##### GIVEN DATA #####

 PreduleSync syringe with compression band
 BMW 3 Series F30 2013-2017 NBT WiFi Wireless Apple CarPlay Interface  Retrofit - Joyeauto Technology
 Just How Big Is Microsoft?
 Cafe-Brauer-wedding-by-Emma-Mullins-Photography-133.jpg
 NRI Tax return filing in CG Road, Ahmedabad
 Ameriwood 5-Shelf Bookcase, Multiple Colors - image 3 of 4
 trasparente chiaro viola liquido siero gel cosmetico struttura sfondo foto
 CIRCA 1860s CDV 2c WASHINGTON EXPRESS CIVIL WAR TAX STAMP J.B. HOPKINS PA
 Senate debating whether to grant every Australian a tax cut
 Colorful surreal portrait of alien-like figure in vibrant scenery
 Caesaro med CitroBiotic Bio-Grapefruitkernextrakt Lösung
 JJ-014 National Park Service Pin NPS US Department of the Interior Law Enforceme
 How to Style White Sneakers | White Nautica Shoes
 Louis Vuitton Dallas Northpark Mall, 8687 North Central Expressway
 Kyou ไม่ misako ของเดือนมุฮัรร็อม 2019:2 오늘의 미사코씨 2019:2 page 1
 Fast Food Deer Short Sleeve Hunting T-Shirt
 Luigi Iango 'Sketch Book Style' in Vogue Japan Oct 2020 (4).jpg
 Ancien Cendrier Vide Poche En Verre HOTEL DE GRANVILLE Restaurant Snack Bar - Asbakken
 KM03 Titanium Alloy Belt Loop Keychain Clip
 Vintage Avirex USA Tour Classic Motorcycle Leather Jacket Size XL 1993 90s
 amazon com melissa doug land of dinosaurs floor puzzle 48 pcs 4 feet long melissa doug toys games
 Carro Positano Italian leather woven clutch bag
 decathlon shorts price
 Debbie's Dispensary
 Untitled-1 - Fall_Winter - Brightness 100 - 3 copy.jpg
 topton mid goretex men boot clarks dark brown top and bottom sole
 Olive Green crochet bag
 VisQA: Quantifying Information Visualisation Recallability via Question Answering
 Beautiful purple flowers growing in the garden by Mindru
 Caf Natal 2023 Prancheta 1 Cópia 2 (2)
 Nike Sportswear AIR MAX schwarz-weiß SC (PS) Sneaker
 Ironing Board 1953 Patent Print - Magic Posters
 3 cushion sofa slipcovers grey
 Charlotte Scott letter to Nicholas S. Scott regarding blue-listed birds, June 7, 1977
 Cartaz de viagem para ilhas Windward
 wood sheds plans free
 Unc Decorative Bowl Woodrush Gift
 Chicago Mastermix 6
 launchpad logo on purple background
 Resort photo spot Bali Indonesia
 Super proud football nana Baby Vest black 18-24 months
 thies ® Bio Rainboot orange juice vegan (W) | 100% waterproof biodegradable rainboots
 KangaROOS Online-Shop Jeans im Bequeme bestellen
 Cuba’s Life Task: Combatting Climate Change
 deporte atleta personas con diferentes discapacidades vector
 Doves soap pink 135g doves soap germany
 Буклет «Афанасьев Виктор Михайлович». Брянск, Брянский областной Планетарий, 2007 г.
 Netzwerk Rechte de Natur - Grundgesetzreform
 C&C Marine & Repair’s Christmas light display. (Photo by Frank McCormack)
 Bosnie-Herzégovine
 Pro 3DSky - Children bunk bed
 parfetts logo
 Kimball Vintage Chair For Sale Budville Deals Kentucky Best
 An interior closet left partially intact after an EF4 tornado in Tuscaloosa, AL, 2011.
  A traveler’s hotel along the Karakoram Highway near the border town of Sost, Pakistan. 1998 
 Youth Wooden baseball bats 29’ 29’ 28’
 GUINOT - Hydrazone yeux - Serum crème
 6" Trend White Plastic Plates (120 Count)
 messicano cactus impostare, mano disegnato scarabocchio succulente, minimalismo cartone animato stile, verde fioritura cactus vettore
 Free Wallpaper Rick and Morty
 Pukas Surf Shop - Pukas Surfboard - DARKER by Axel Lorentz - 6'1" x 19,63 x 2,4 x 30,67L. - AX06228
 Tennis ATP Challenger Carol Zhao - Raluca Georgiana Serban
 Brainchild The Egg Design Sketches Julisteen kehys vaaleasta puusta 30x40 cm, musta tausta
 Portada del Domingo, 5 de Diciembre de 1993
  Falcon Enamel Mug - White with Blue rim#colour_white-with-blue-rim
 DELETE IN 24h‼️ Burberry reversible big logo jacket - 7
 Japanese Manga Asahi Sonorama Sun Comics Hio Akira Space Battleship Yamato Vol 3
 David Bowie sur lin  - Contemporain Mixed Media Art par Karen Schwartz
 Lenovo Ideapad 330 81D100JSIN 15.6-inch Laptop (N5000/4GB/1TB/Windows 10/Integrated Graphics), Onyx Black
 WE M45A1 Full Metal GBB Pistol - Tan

#####

**TASK ITEM:** From the entries above, restate word for word the lines from the line containing "decathlon shorts price" to the line containing "VisQA: Quantifying Information", both ends included, and nothing more.

**ANSWER SPACE:**
 decathlon shorts price
 Debbie's Dispensary
 Untitled-1 - Fall_Winter - Brightness 100 - 3 copy.jpg
 topton mid goretex men boot clarks dark brown top and bottom sole
 Olive Green crochet bag
 VisQA: Quantifying Information Visualisation Recallability via Question Answering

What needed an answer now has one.